A multi-phase research pipeline for psychiatric epidemiology. Covers data cleaning, descriptive statistics with publication-quality figures, deep statistical mining (EFA, clustering, change-point detection), and a multi-branch deep learning architecture for non-linear patient phenotype discovery from electronic health records.

Repository Structure

morpho/
├── 00_raw_data/                    # Raw data (tracked in internal shared mode; see GIT_VALVE.md)
├── 01_cleaned_data/                # Cleaned CSVs (same)
├── 02_figures/                     # Phase I statistical figures
├── 03_manuscript/                  # Manuscript drafts
├── 04_research_framework/          # Research design documents
├── 05_process_log/                 # Data cleaning audit trail
├── 06_reference/                   # Reference materials
├── 07_deep_analysis/               # Phase III deep mining outputs
├── 08_ml_architecture_proposal/    # Architecture design iterations
│
├── psychnet/                       # Phase IV: deep learning codebase
│   ├── data/                       #   Data pipeline
│   ├── models/                     #   Model architecture (~15.9M params)
│   ├── training/                   #   Training engine (AMP / early stop / W&B)
│   ├── evaluation/                 #   Metrics + interpretability + visualization
│   ├── scripts/train.py            #   Main entry: 9-stage training pipeline
│   ├── configs/default.yaml        #   Hyperparameter configuration
│   ├── ARCHITECTURE.md             #   Technical architecture (paper Figure 1)
│   └── GUIDE.md                    #   Full operating guide
│
├── .github/workflows/ci.yml        # CI: lint + smoke test + privacy check
├── LICENSE                          # Apache 2.0
├── CITATION.cff                     # Machine-readable citation
├── ETHICS.md                        # Ethics / IRB / de-identification
├── DATA_DICTIONARY.md               # Variable definitions and coding
├── CONTRIBUTING.md                  # Contribution guidelines
├── CHANGELOG.md                     # Version history
├── Makefile                         # Unified task runner
└── .gitignore                       # Excludes all patient data

Phases

Phase	Scope	Status
I. Data profiling	Cleaning, 6 publication-quality figures	✅ Done
II. Organization	Standardized directory structure	✅ Done
III. Deep mining	EFA, RF, clustering, change-point, catastrophic expenditure	✅ Done
IV. Deep learning	Multi-branch architecture (6,876 lines)	✅ Code complete
V. Training	GPU training + hyperparameter tuning	⏳ Pending
VI. Manuscript	Target: top-tier journals	📋 Planning

Architecture

  Patient Record (17 features)
         │
    ┌────┴────┐
    ▼         ▼
DeepInsight   Feature
 Portrait    Tokenizer
 (32×32)    (17 tokens)
    │         │
    ▼         ▼
ViT-Clinical  FT-Transformer        ~15.9M params
 (384-dim)    (256-dim)
    │         │
    └────┬────┘
         ▼
  Cross-Modal Fusion
  (Bidirectional Attention + Gating)
         │
    ┌────┼────┬────┬────┐
    ▼    ▼    ▼    ▼    ▼
  Task1 Task2 Task3 Task4 Embedding

See psychnet/ARCHITECTURE.md for full details.

Quick Start

make setup              # Install + verify environment
make smoke              # Model forward-pass test
make train-quick        # Quick training (~1 min)
make train              # Full training (~1-2h on GPU)

Or directly:

cd psychnet/
python setup.py
python scripts/train.py --quick
python scripts/train.py --config configs/default.yaml

Push to GitHub (large checkpoints)

Model weights (*.pt) use Git LFS (GitHub blocks plain blobs over 100MB).
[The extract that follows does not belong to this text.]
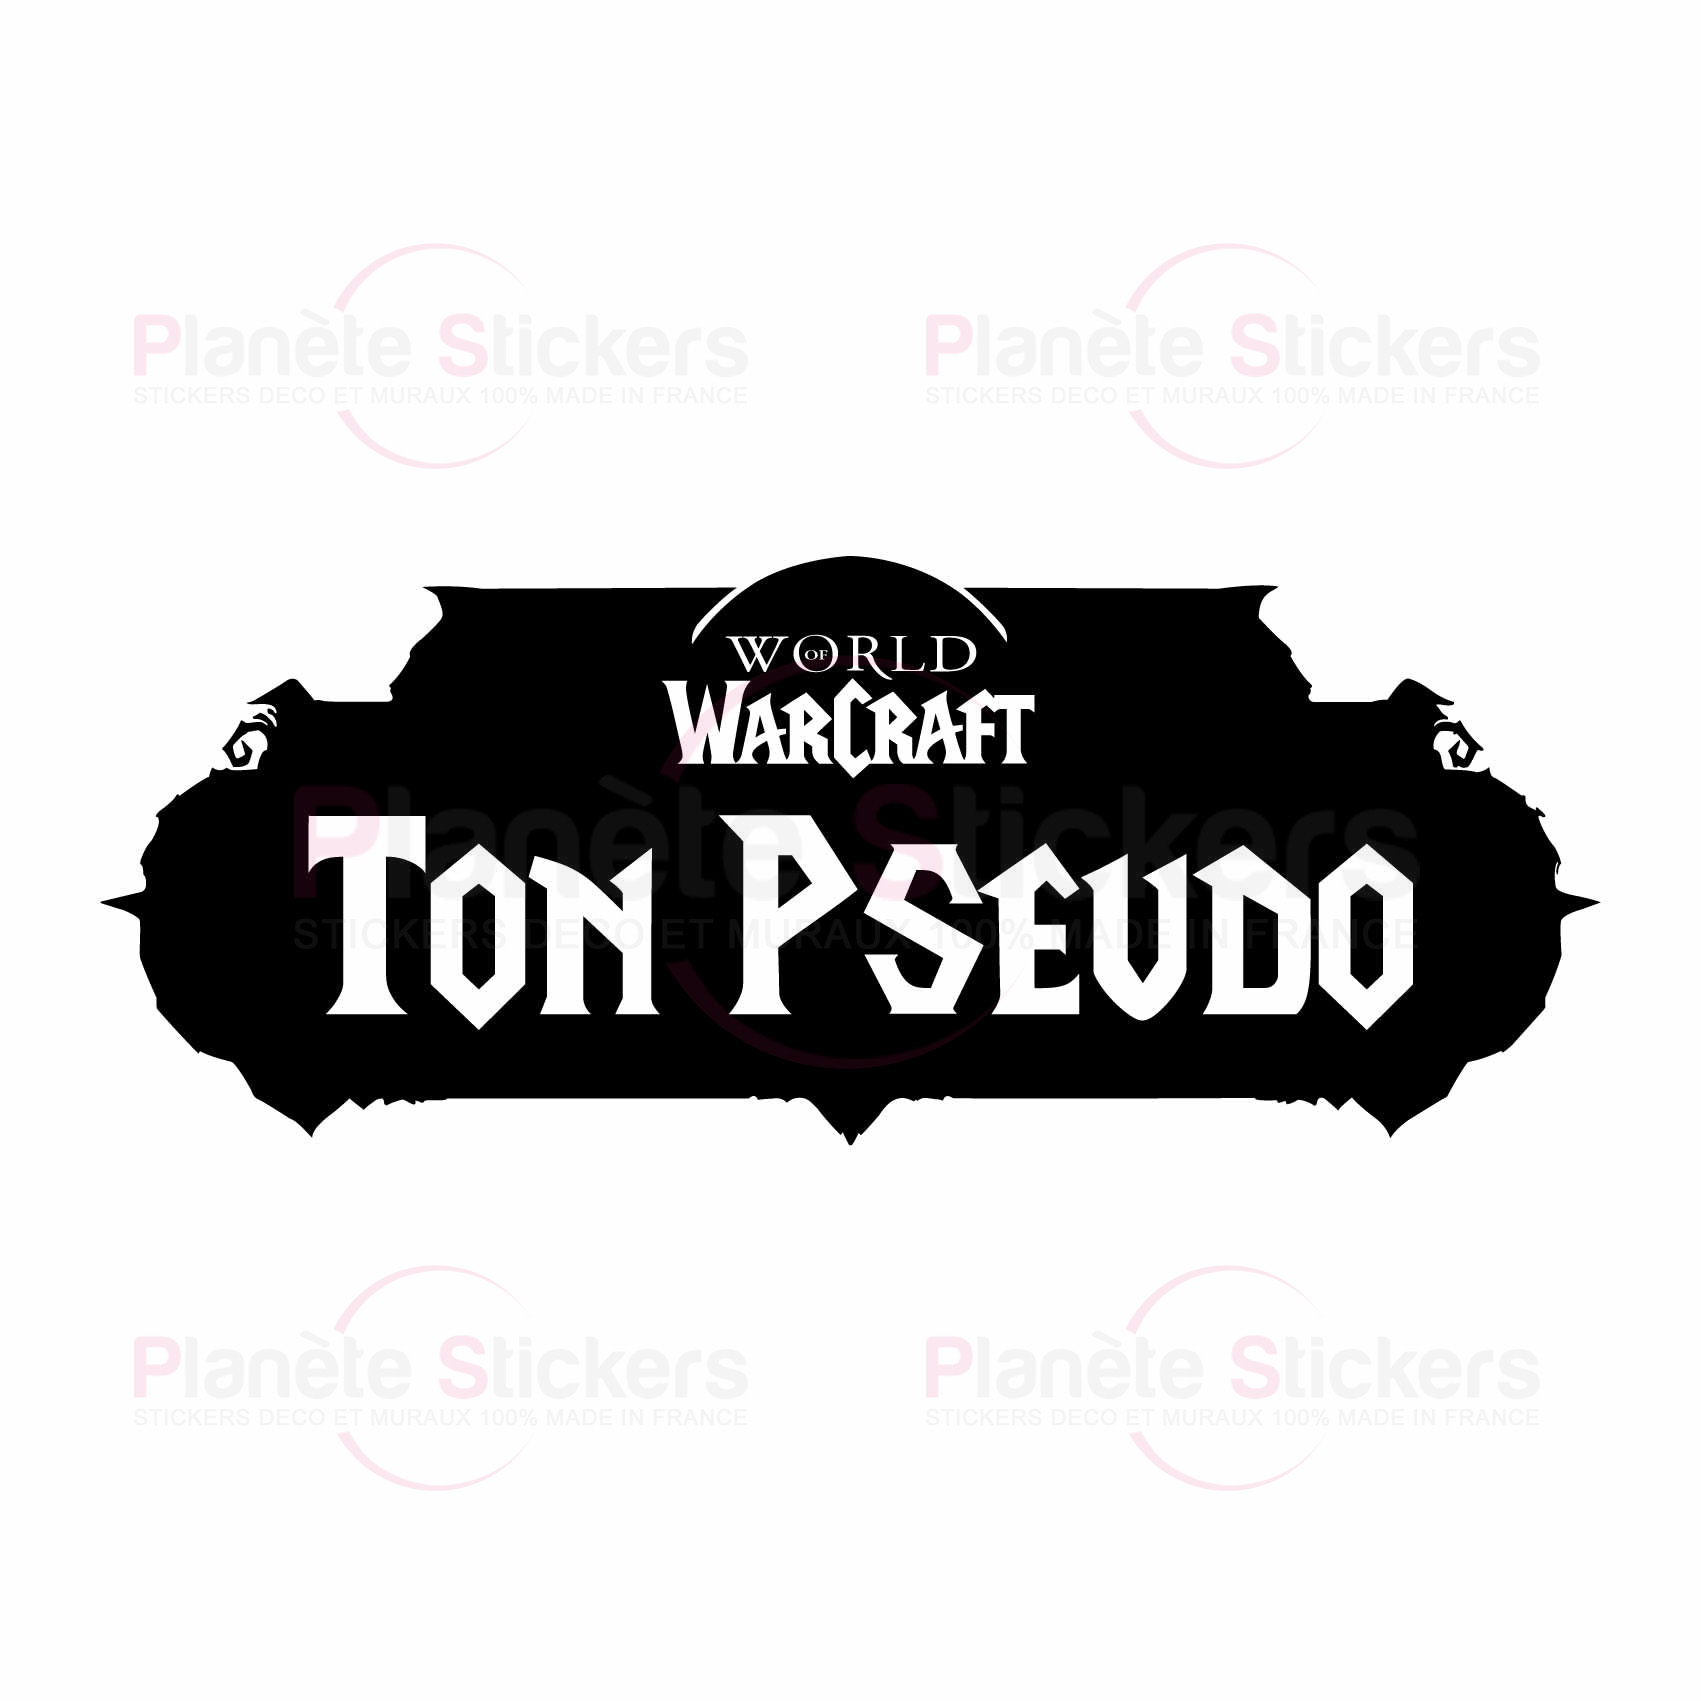 stickers-pseudo-personnalisé-wow-ref22wow-stickers-muraux-world-of-warcraft-autocollant-mural-jeux-video-sticker-gamer-deco-gaming-salon-chambre-(2)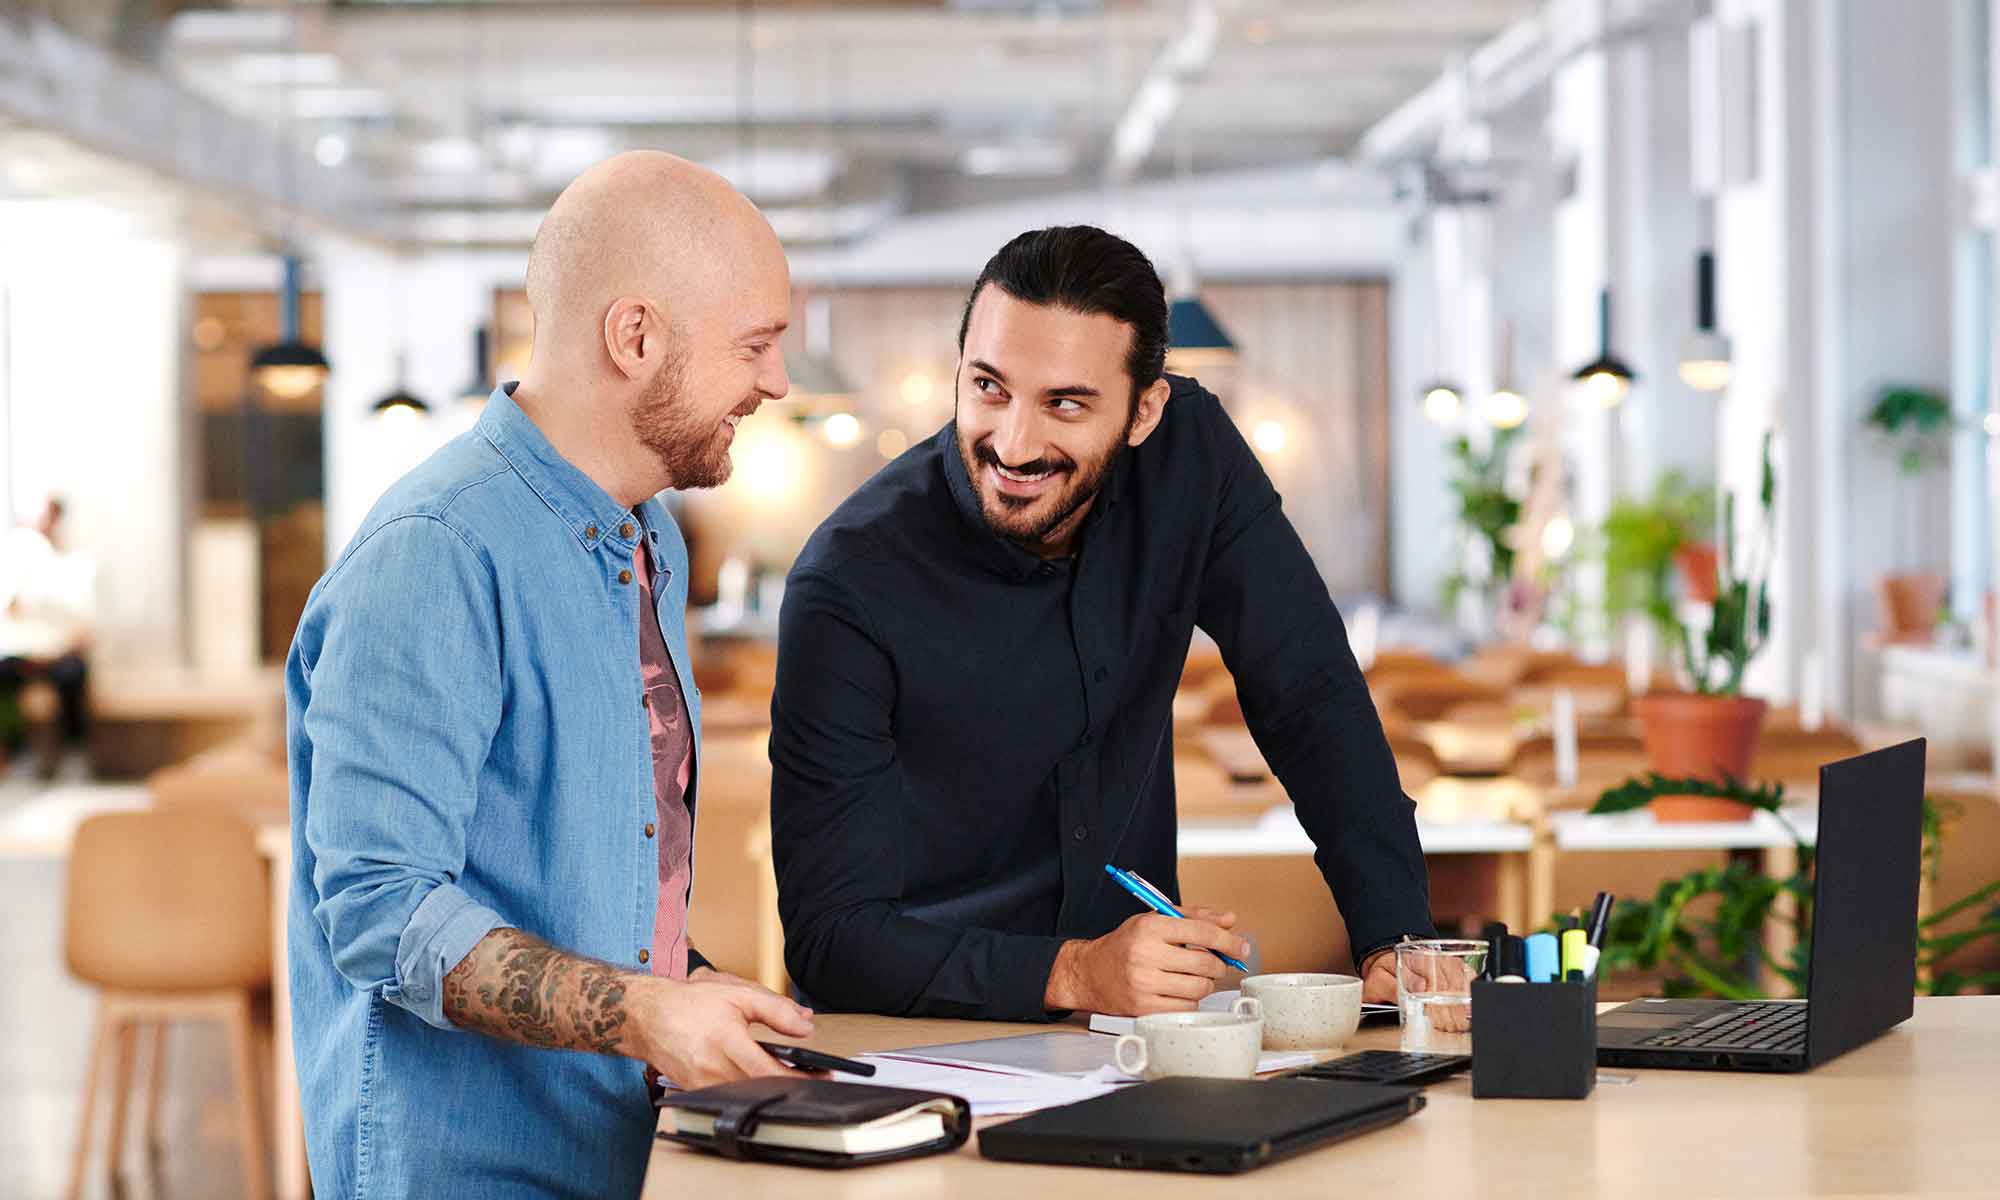 Two men at a workplace smiling at each other

Install Git LFS (brew install git-lfs or git-lfs.com), then:

make push-github
# same as: ./scripts/push_to_github.sh

This runs git lfs push then git push --force-with-lease (needed once after LFS migrate). Upload can take several minutes on slow networks.

Reproducibility

Aspect	Measure
Random seed	Fixed (`seed: 42`)
Config snapshot	Auto-saved per run (`config.json`)
Dependencies	Pinned lower bounds in `requirements.txt`
Cleaning log	Full audit trail in `05_process_log/`
Data dictionary	DATA_DICTIONARY.md
CI	GitHub Actions: lint + smoke + privacy guard

Data Availability

Internal shared mode (current): this private repository may contain de-identified analytical tables and run outputs so collaborators have a full working tree. Before any public release, follow GIT_VALVE.md to restore .gitignore exclusions and review git history.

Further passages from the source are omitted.